**RECORDED INFORMATION:**
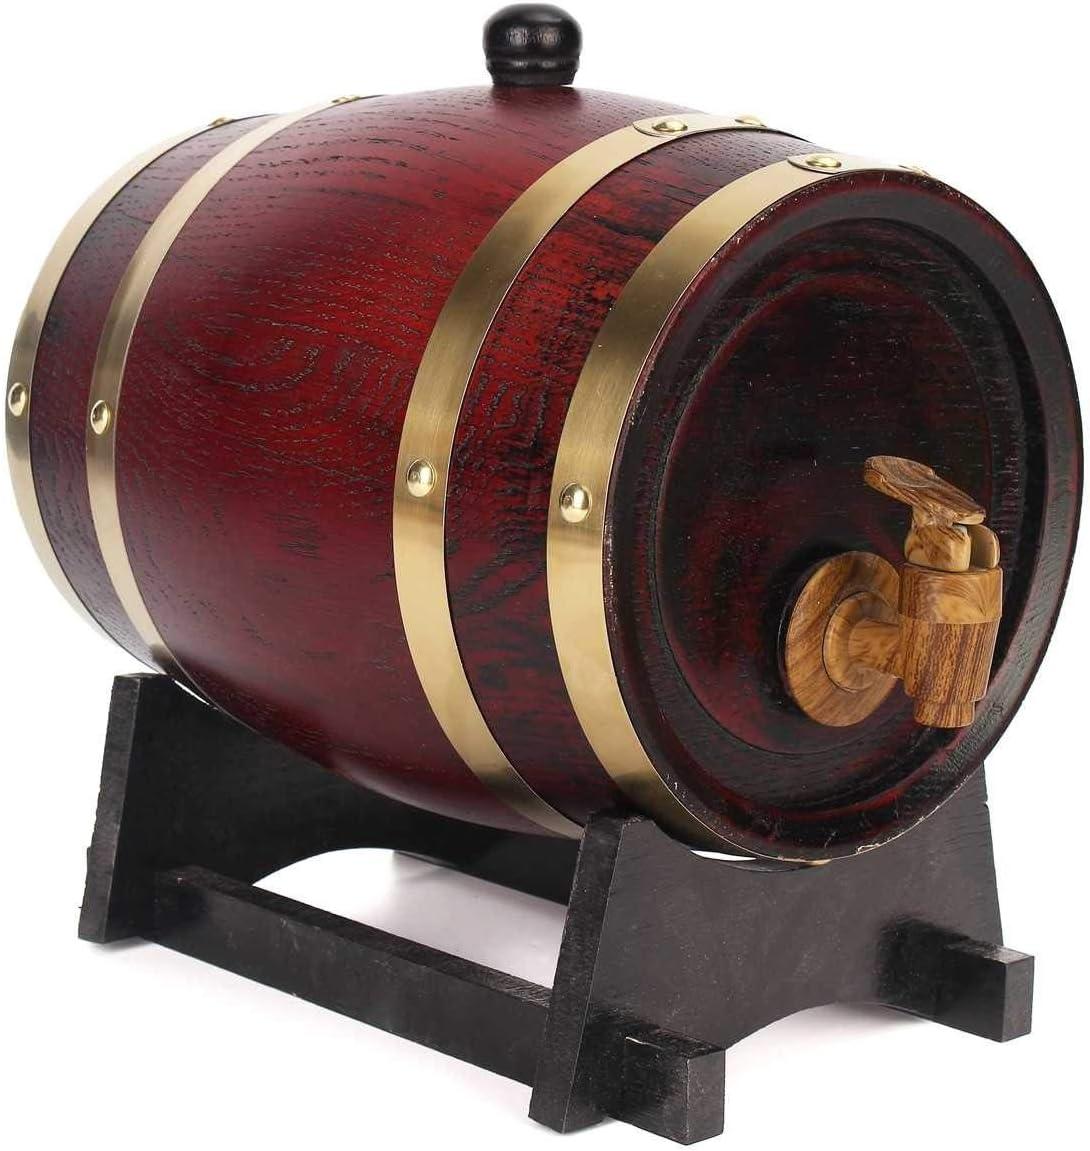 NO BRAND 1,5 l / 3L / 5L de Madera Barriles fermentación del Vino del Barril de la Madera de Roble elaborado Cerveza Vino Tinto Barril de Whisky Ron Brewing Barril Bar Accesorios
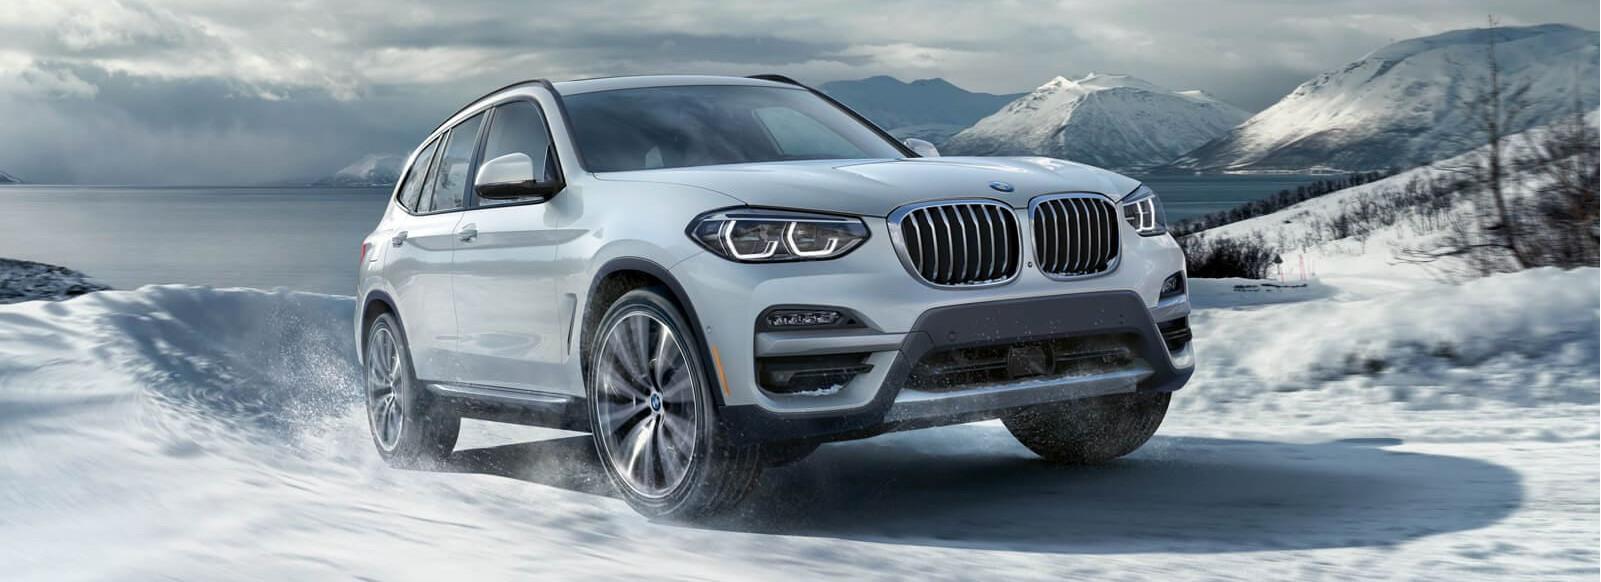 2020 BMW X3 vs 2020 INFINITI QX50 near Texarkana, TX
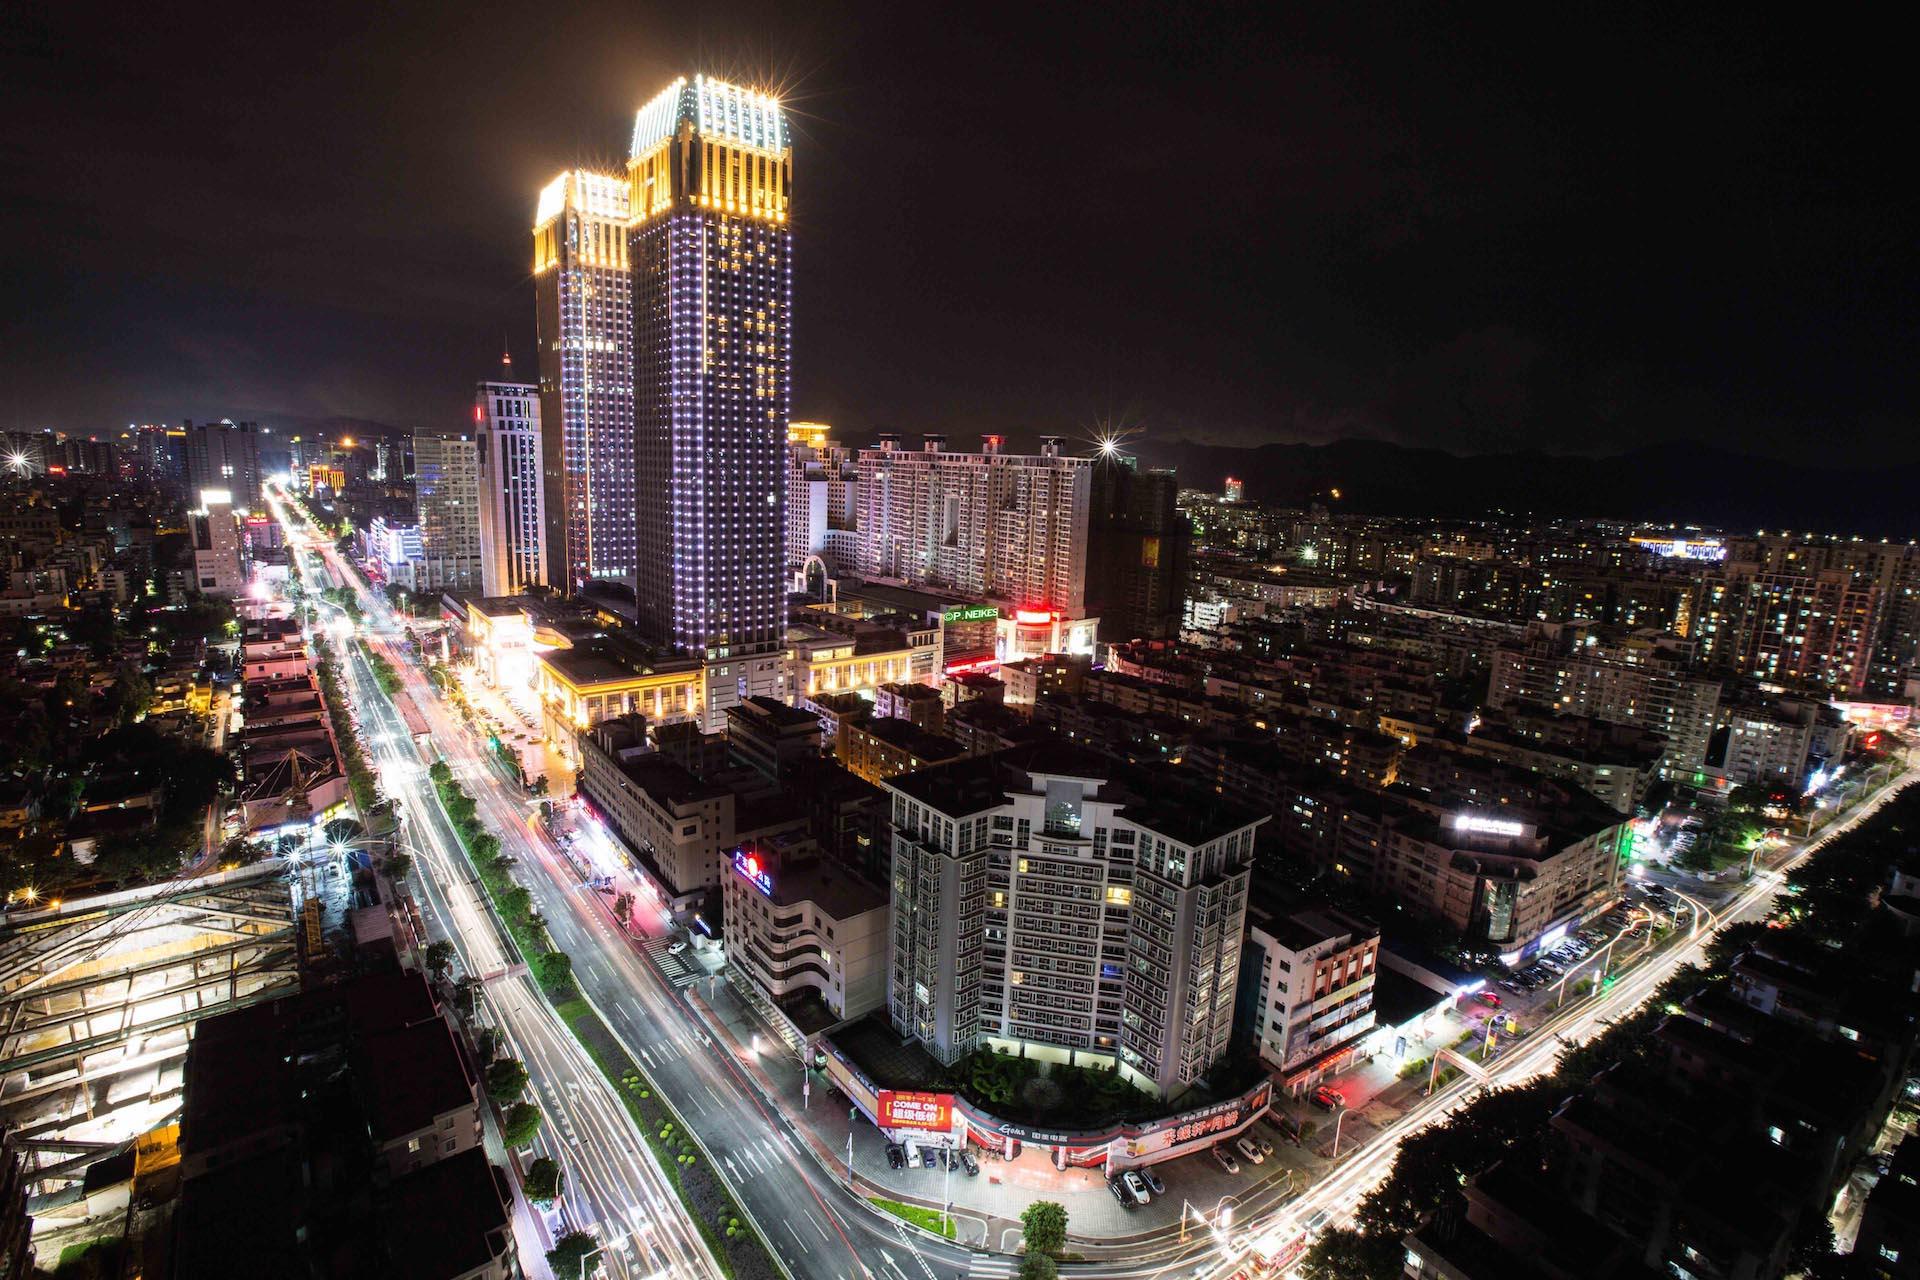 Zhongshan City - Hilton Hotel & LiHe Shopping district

**ACTIVITY:** Omit the pictures and print the listing exactly.

**SOLUTION TO THIS EXERCISE:**
 NO BRAND 1,5 l / 3L / 5L de Madera Barriles fermentación del Vino del Barril de la Madera de Roble elaborado Cerveza Vino Tinto Barril de Whisky Ron Brewing Barril Bar Accesorios
 2020 BMW X3 vs 2020 INFINITI QX50 near Texarkana, TX
 Zhongshan City - Hilton Hotel & LiHe Shopping district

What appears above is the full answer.